I’m finding it a little difficult to understand what you are asking, but I’ll say a few things and hope that there is an answer in there for you somewhere...

I do not think that an in-depth, mechanical knowledge of architecture is required to draw manga. I’m pretty sure that even in the cases of manga where the setting art is very detailed, most artists do not have an architectural understanding of the scene that they are drawing. However, perhaps that level of knowledge could help an artist to draw settings without the need to use reference images.

I have read a couple of manwha that seem to have used photos of skylines in the actual comic strips; usually they have either applied a cartoon filter or an intense blur over them. It’s not my preference of art style though as it often looks very janky no matter how good the character art is.

You seem to have a good shortlist of manga comics that are inspiring you to draw. I would practice your artwork by copying freehand some panels you like from those series, and then, for each copy, also draw an original scene of your own in that style. Then maybe at the end, come up with an original scene that combines all of those styles together.

The same technique could be applied to finding scenes from the real world (or video games) and drawing them in comic form - Big Ben and the Houses of Parliament, The Sydney Opera House, The Manhattan Skyline, a Temple near Kyoto etc. Just search a picture on google and draw using it as a reference. Then, for each, draw an original scene with a building in the style of the one you have copied - Gothic style, Modern curved style, Cityscape, Traditional Asian etc.

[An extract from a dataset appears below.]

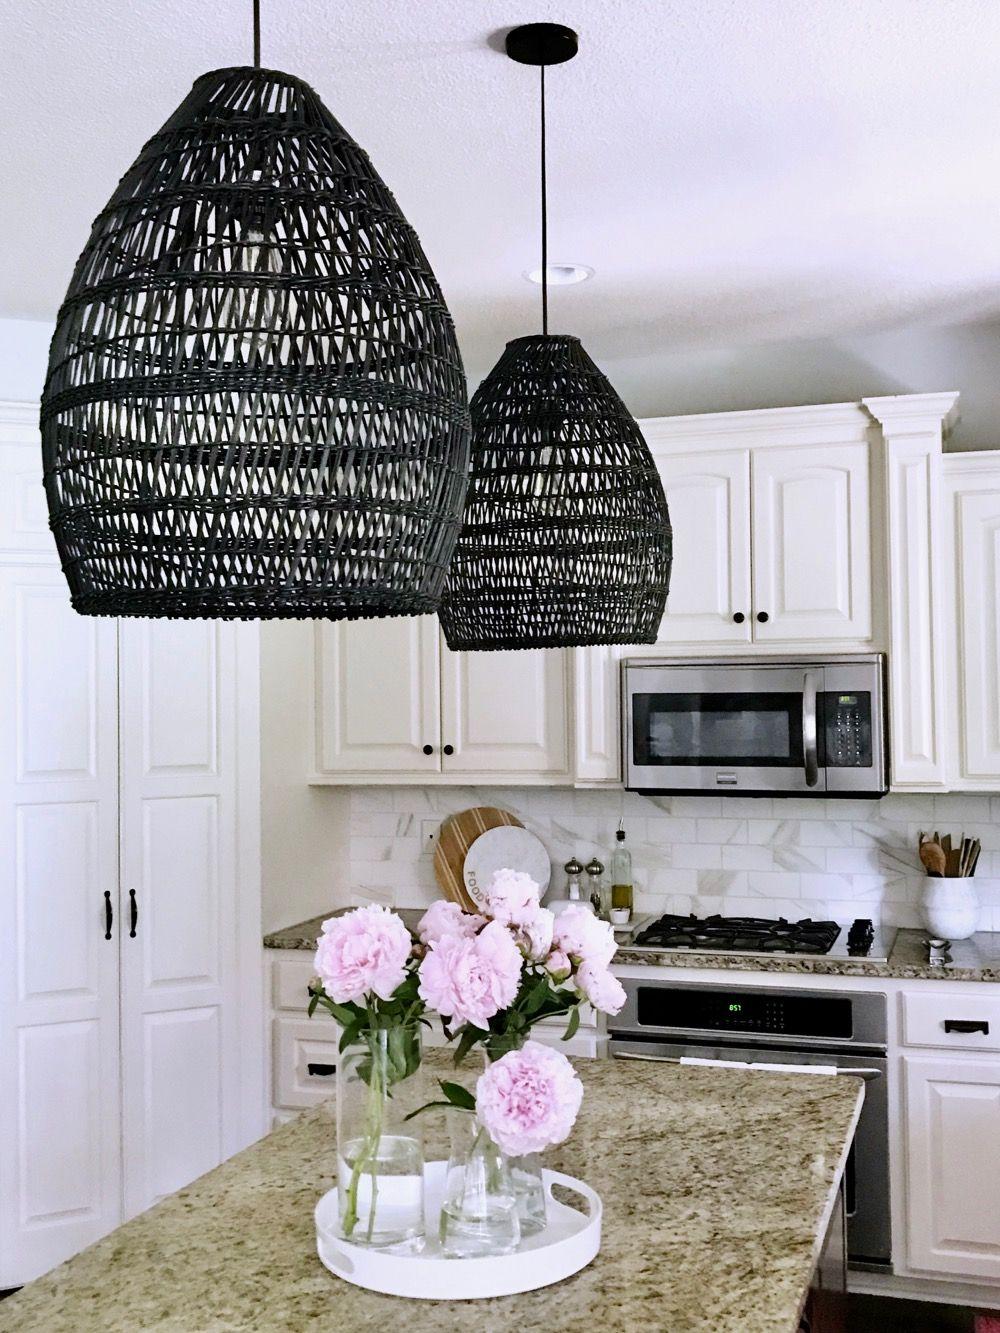 Black Woven Pendant Lights Pendant Lighting Lights Kitchen Pendant Lighting

Try not to outright copy the look of anything, especially video game assets, as they are generally proprietary... but try to understand what gives them that particular look and style. A quick search on Wikipedia also helps for architectural styles - I learned all about what makes Gothic and Romanesque architecture in about 20 minutes just from reading Wikipedia (on top of my own experiences), and then I was able to describe a Manor House in that style in my writing fully.

A couple of considerations for drawing hyper-realistic scenes in manga are: 1. how busy and difficult to read it can make some manga. I think that the setting art in One Piece was actually quite exceptional when I used to read it, but it also had so much going on that some pages it was really hard to follow the characters and the action. 2. the amount of time it can take. If you intend to be a professional Mangaka, then you will have to meet publishing and editing deadlines. The more detailed your drawing the longer it generally takes and the less you will be able to output overall.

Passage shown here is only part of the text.